Information supplied >>
━━━━━━━━━━

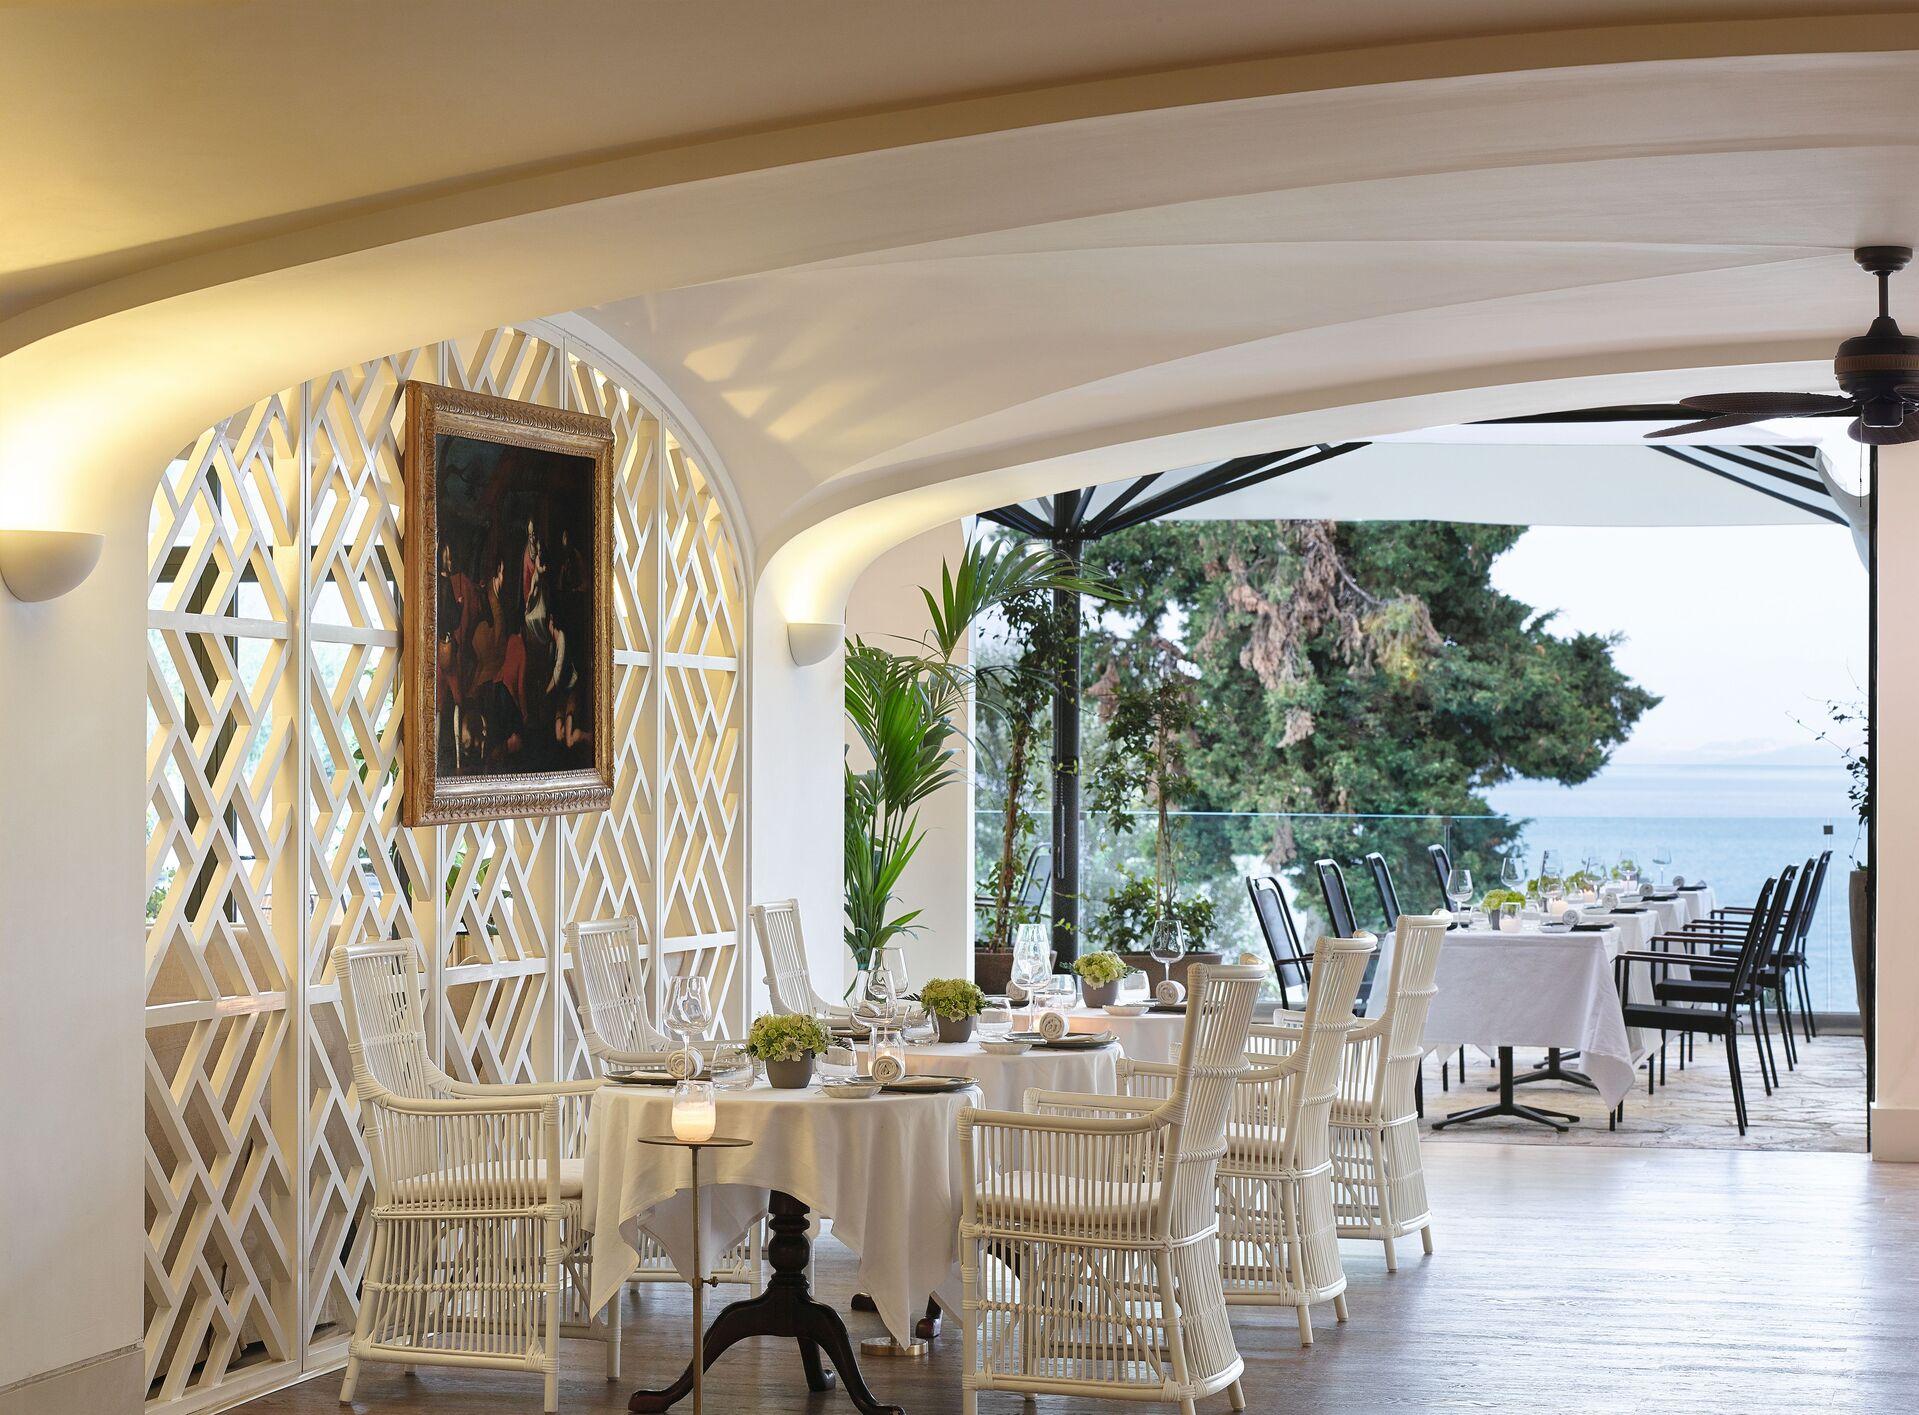 https://cms.satur.sk/data/imgs/tour_image/orig/05-il-gattopardo-restaurant_72dpi-1924848.jpg
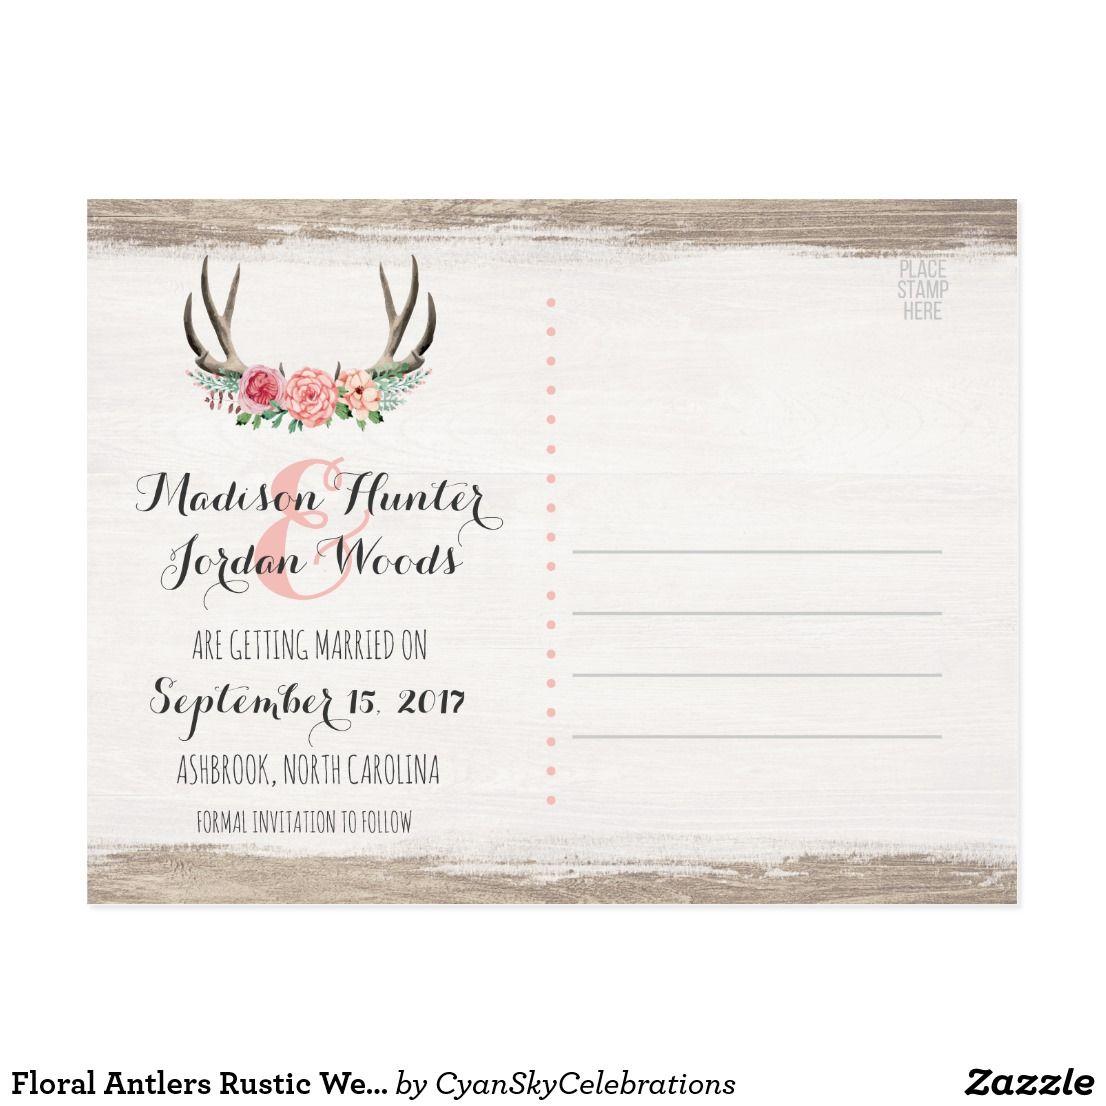 Floral Antlers Rustic Wedding   Save The Date Postcard   Wedding ...
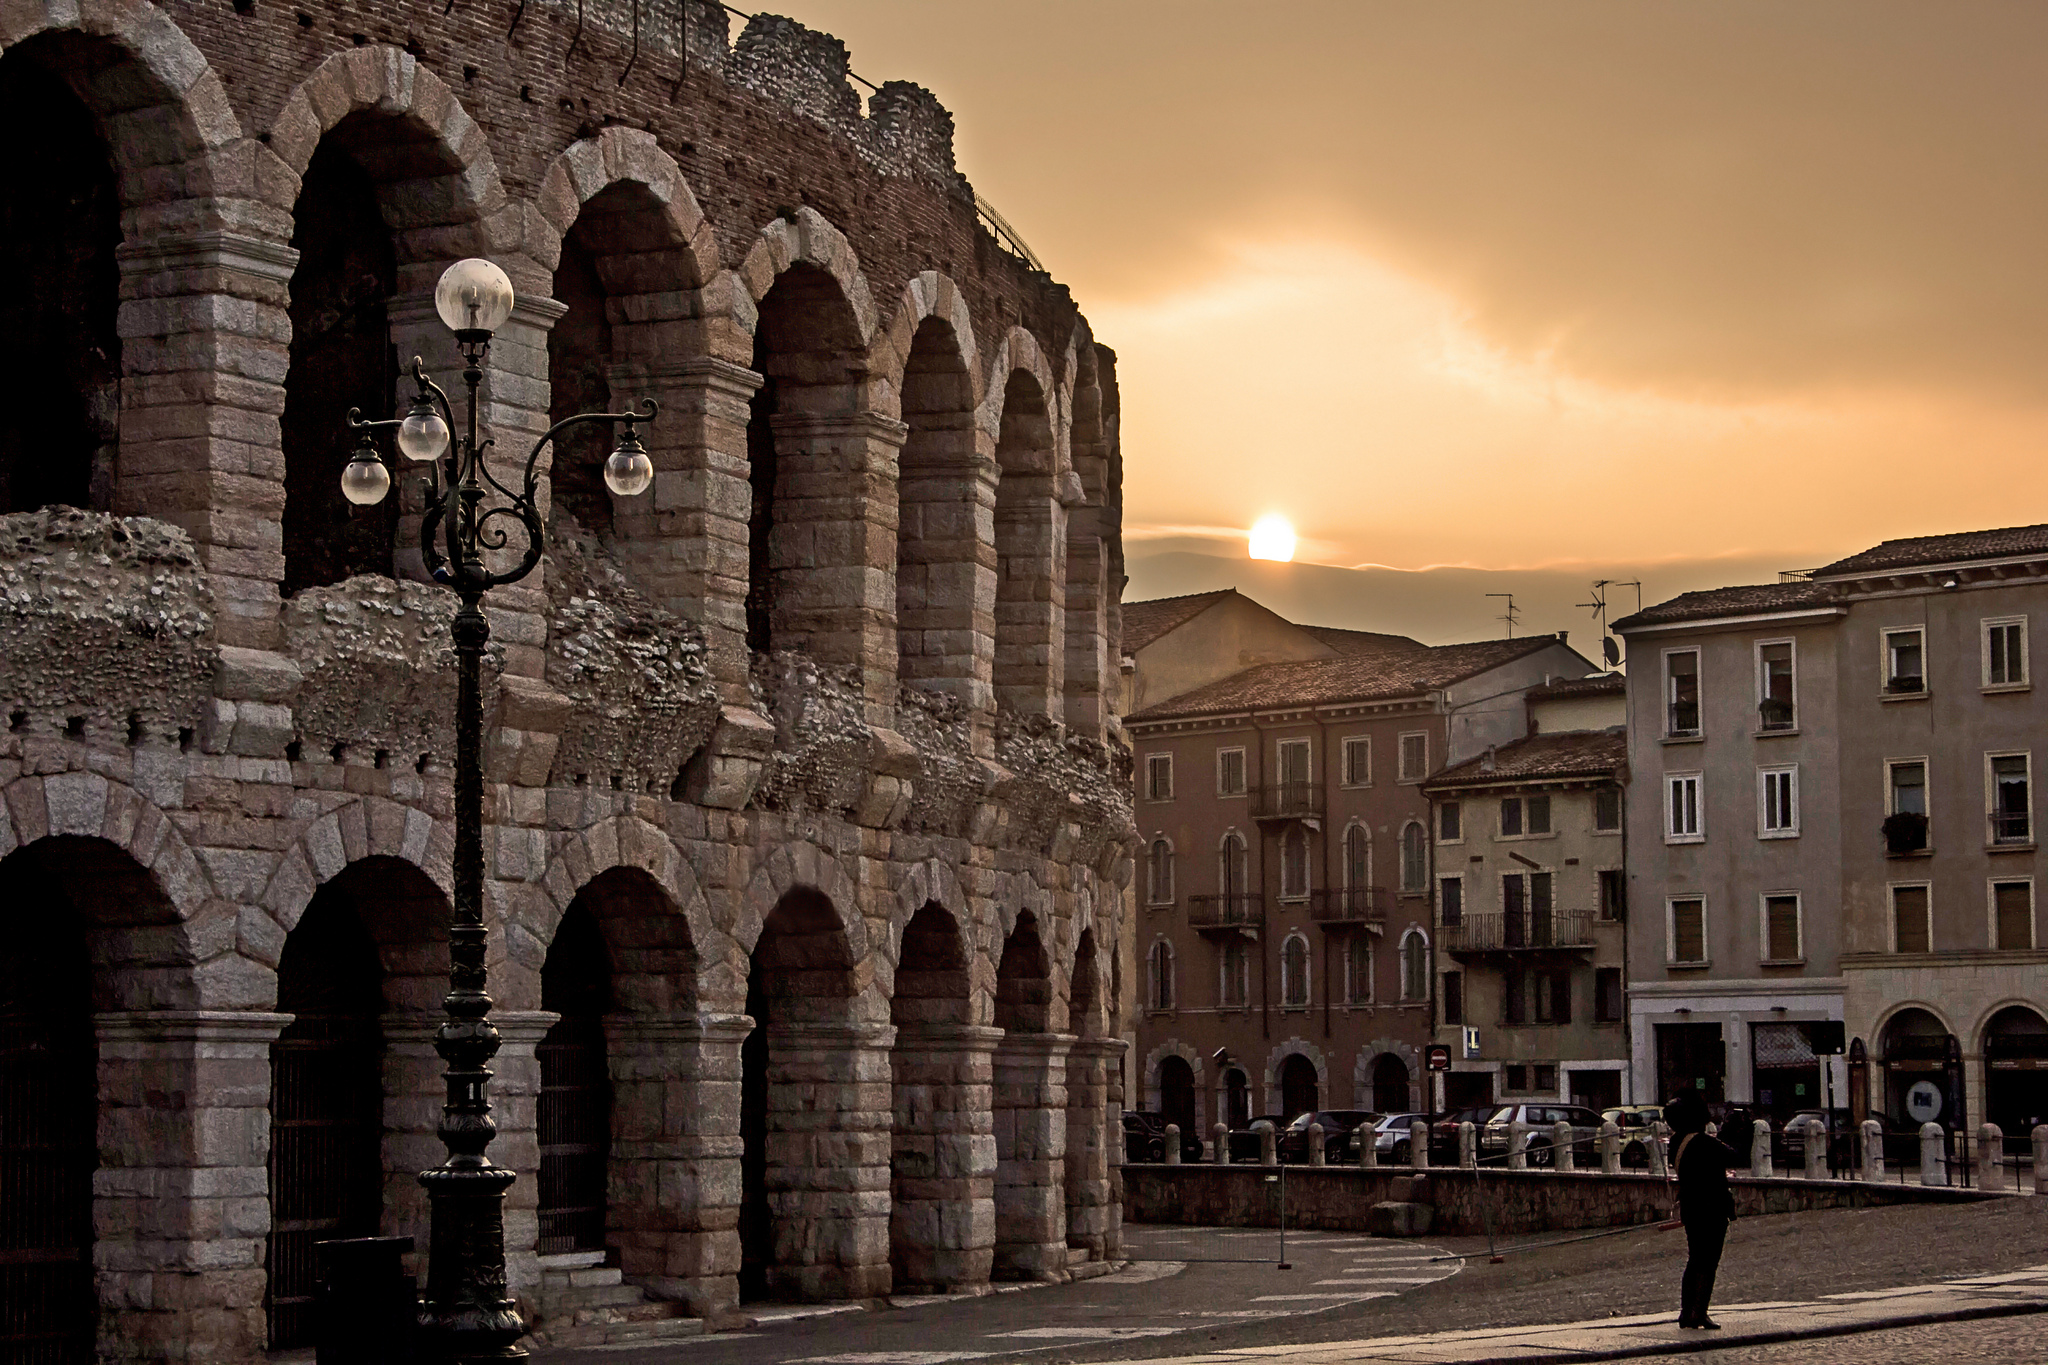 arena_di_verona_original_theatr1

━━━━━━━━━━

The result should be a transcript of the lines from the line containing "Floral Antlers Rustic" through the end of the listing above, exact, inclusive, and without pictures.

Your response >>
 Floral Antlers Rustic Wedding   Save The Date Postcard   Wedding ...
 arena_di_verona_original_theatr1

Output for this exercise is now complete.